— TASK OBJECTIVE —
Leaving out all pictures, restate word for word the lines from the one with "لوحة المفاتيح والمااوس" through the last line of the entries.

— DATASET RECORDS —
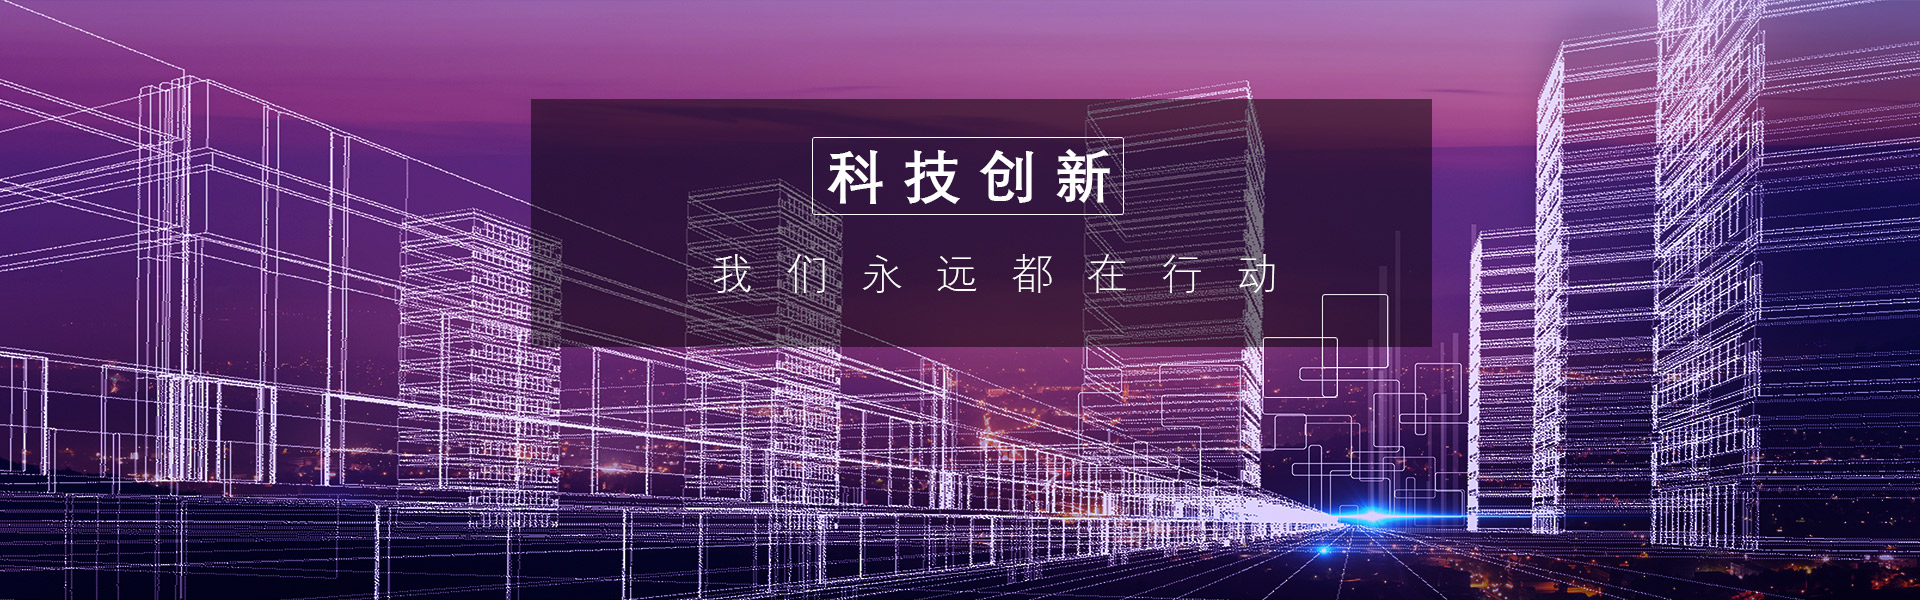 贝德-K70_超集音响_广州市天谱电器有限公司官方网站_广州市天谱电器有限公司
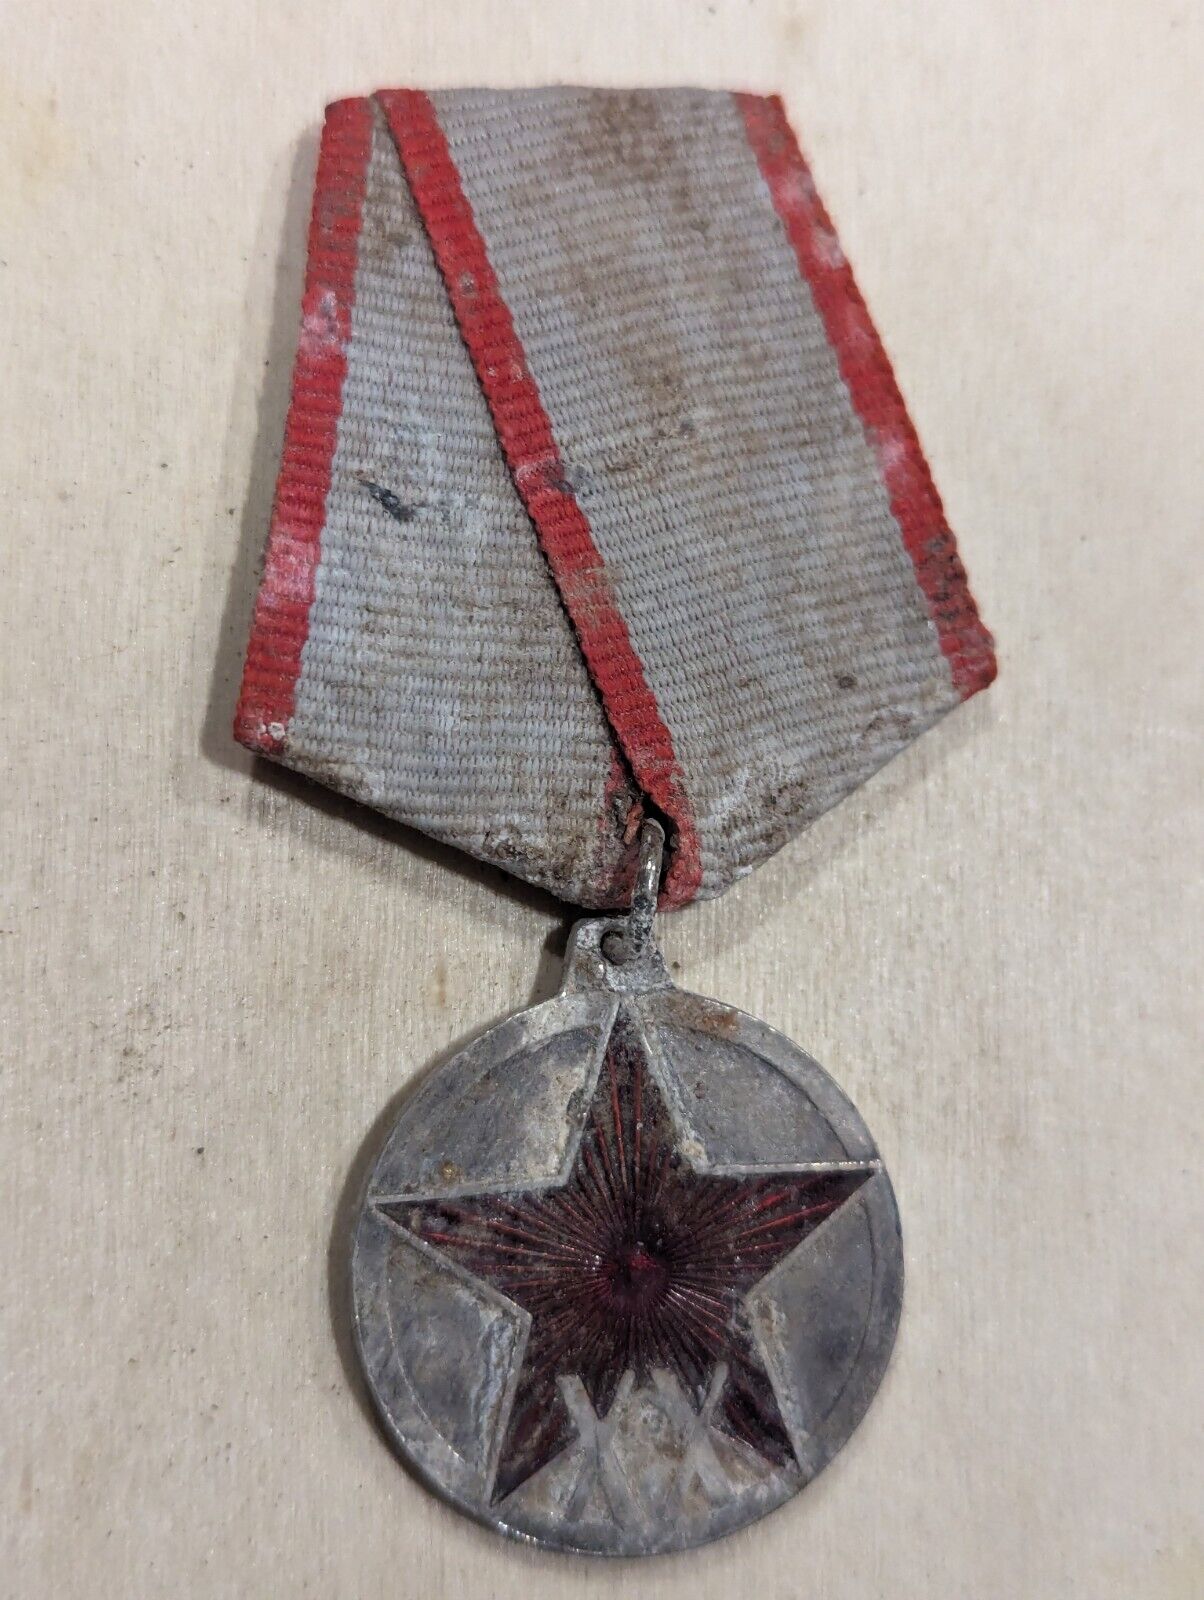 WW2 Red Star Soviet Medal USSR Soviet Badge Award Medal Read Description
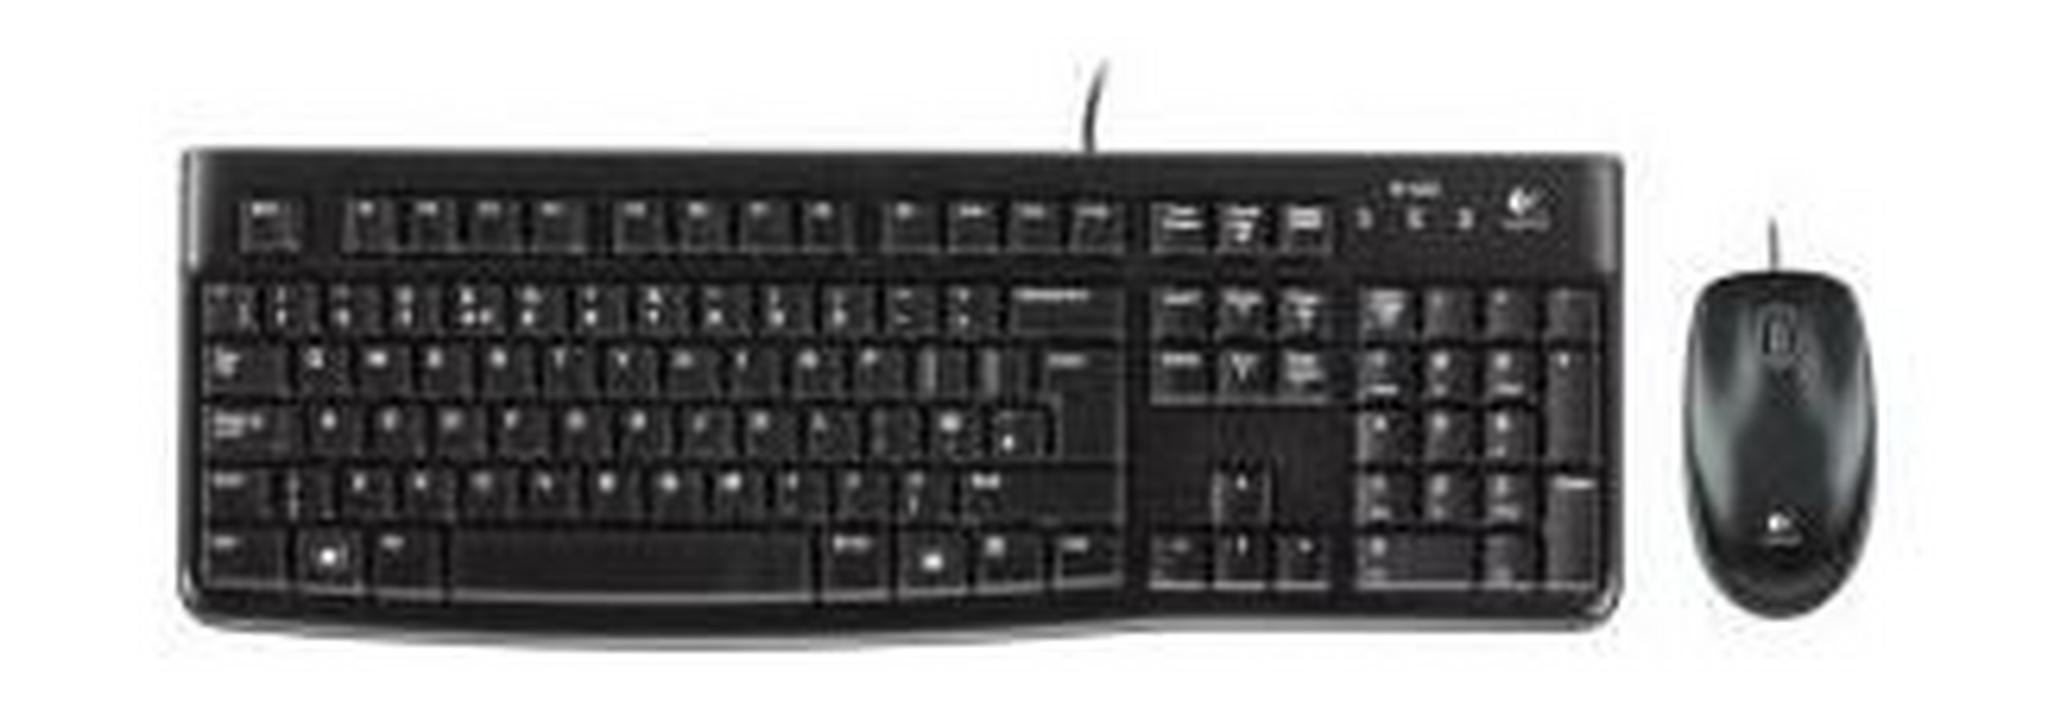 لوحة المفاتيح والمااوس من لوجيتك - إنجيليزي/عربي MK120 (920-002546)
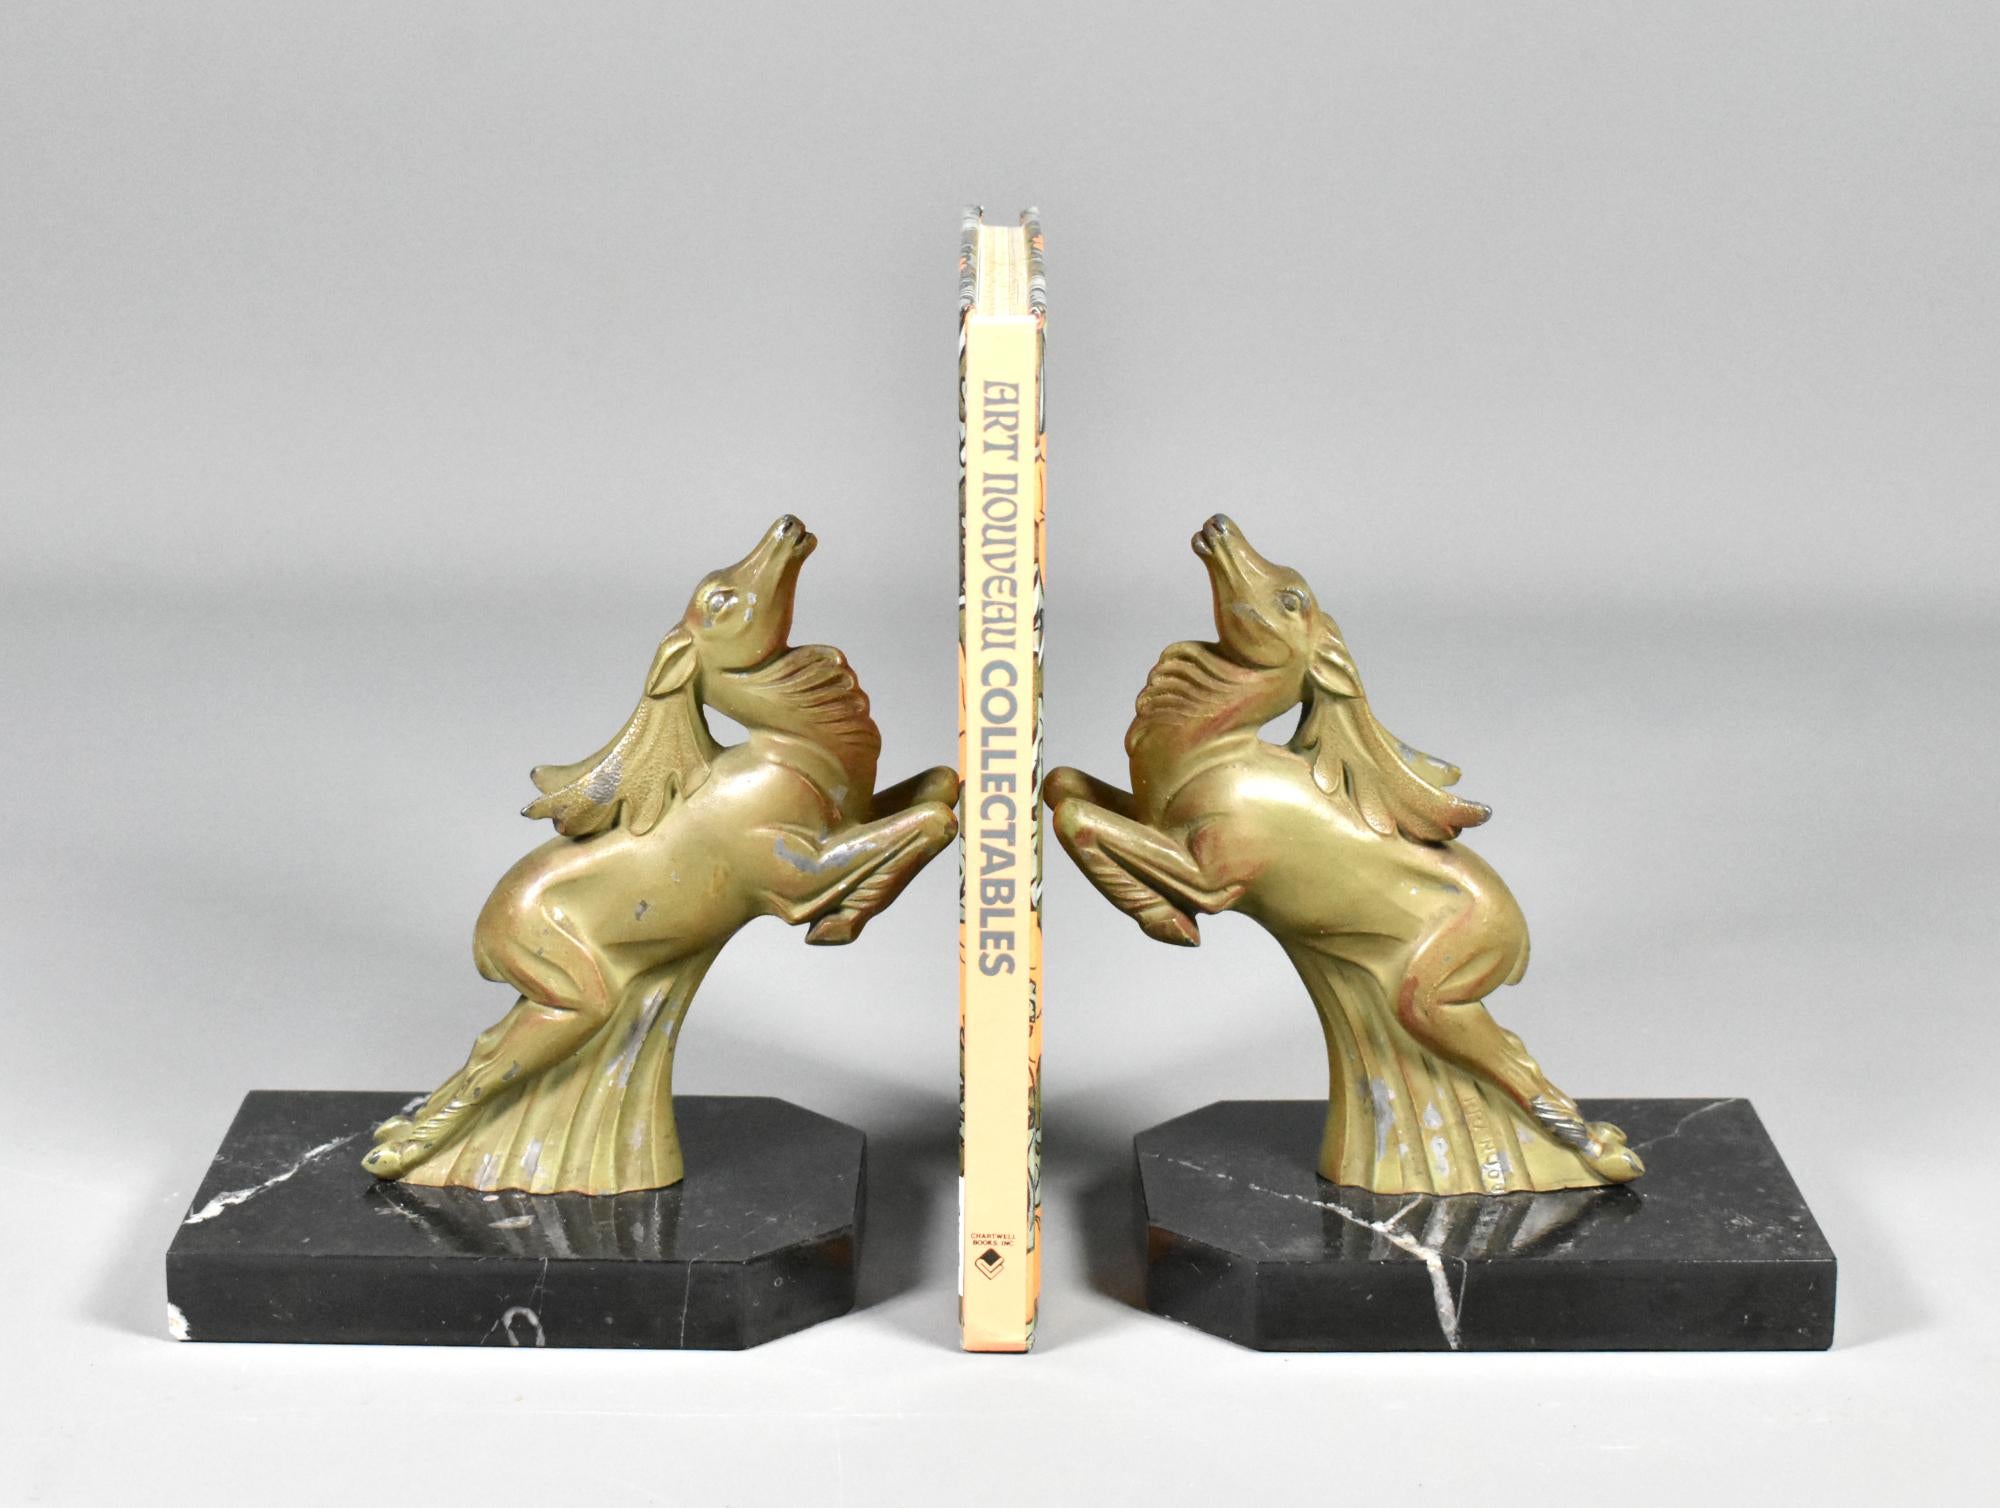 Ein Paar Art-Déco-Buchstützen aus Ibex, signiert Franjou (Hippolyte Moreau) 

Ein attraktives Paar passender Art Deco Buchstützen, signiert Franjou, Pseudonym des berühmten französischen Bildhauers Hippolyte Moreau (1832-1926). 

Moreau studierte

— WRITTEN SOLUTION —
 لوحة المفاتيح والمااوس من لوجيتك - إنجيليزي/عربي MK120 (920-002546)
 Ein Paar Art-Déco-Buchstützen aus Ibex, signiert Franjou (Hippolyte Moreau) 

Ein attraktives Paar passender Art Deco Buchstützen, signiert Franjou, Pseudonym des berühmten französischen Bildhauers Hippolyte Moreau (1832-1926). 

Moreau studierte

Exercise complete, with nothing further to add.